This section offers some guidance on choosing from among the available
surrogate model types.

- For Surrogate Based Local Optimization
  (:dakkw:`method-surrogate_based_local`) with a trust region, a
  :dakkw:`model-surrogate-local-taylor_series` or
  :dakkw:`model-surrogate-multipoint-tana` approximation will probably
  work best. If you wish or need to use a global surrogate (not
  recommended) then consider
  :dakkw:`model-surrogate-global-gaussian_process` or possibly
  :dakkw:`model-surrogate-global-moving_least_squares`.

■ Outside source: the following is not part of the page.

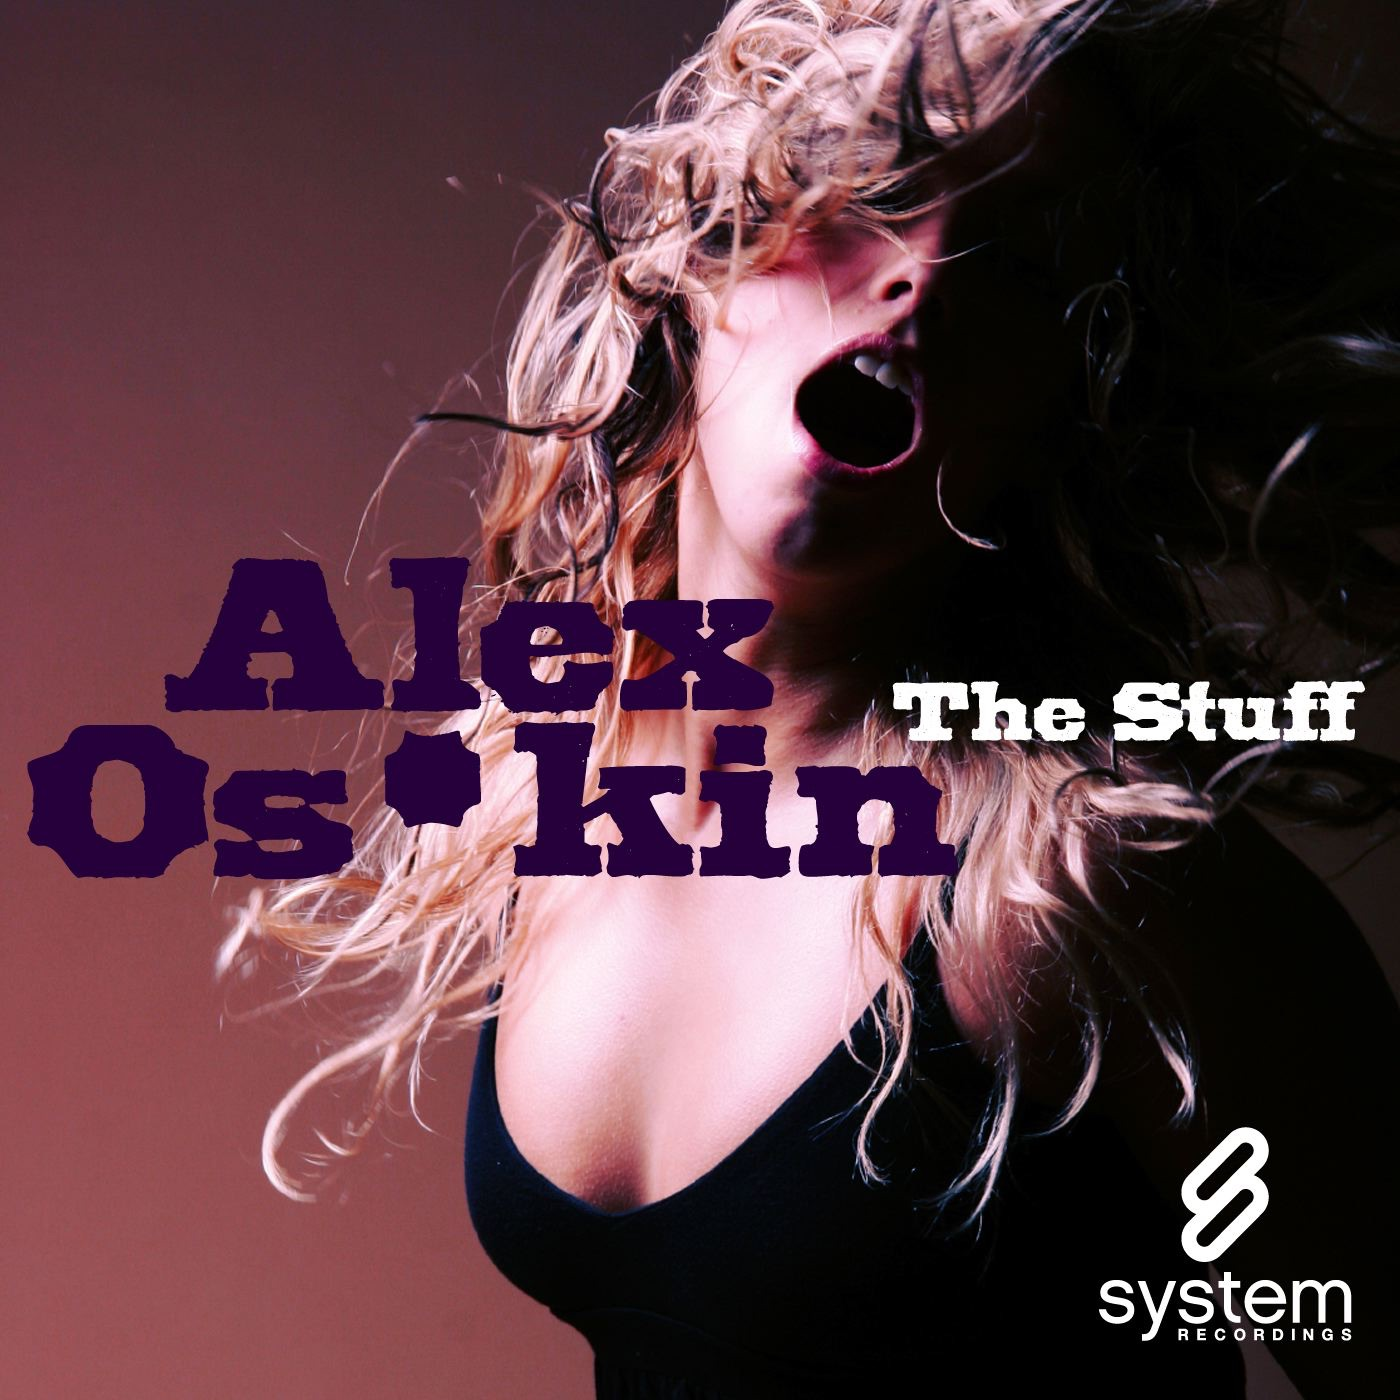 The Stuff - Single

- For iterative surrogate-based global methods, including Efficient
  Global Optimization (EGO, :dakkw:`method-efficient_global`),
  Efficient Global Reliability Analysis (EGRA,
  :dakkw:`method-global_reliability`), EGO-based global interval
  estimation (EGIE, :dakkw:`method-global_interval_est` with option
  :dakkw:`method-global_interval_est-ego`), and EGO based
  Dempster-Shafer Theory of Evidence (:dakkw:`method-global_evidence`
  with option :dakkw:`method-global_evidence-ego`),
  :dakkw:`model-surrogate-global-gaussian_process`
  :dakkw:`model-surrogate-global-gaussian_process-surfpack` is the
  recommended and default approximation.  The Surfpack GP is likely to
  find a similar or more optimal value and/or use fewer true function
  evaluations than the alternative Dakota GP. However the Surfpack
  implementation will likely take more time to build at each iteration
  than the Dakota version. The
  :dakkw:`model-surrogate-global-use_derivatives` keyword is not
  recommended for use with EGO-based methods.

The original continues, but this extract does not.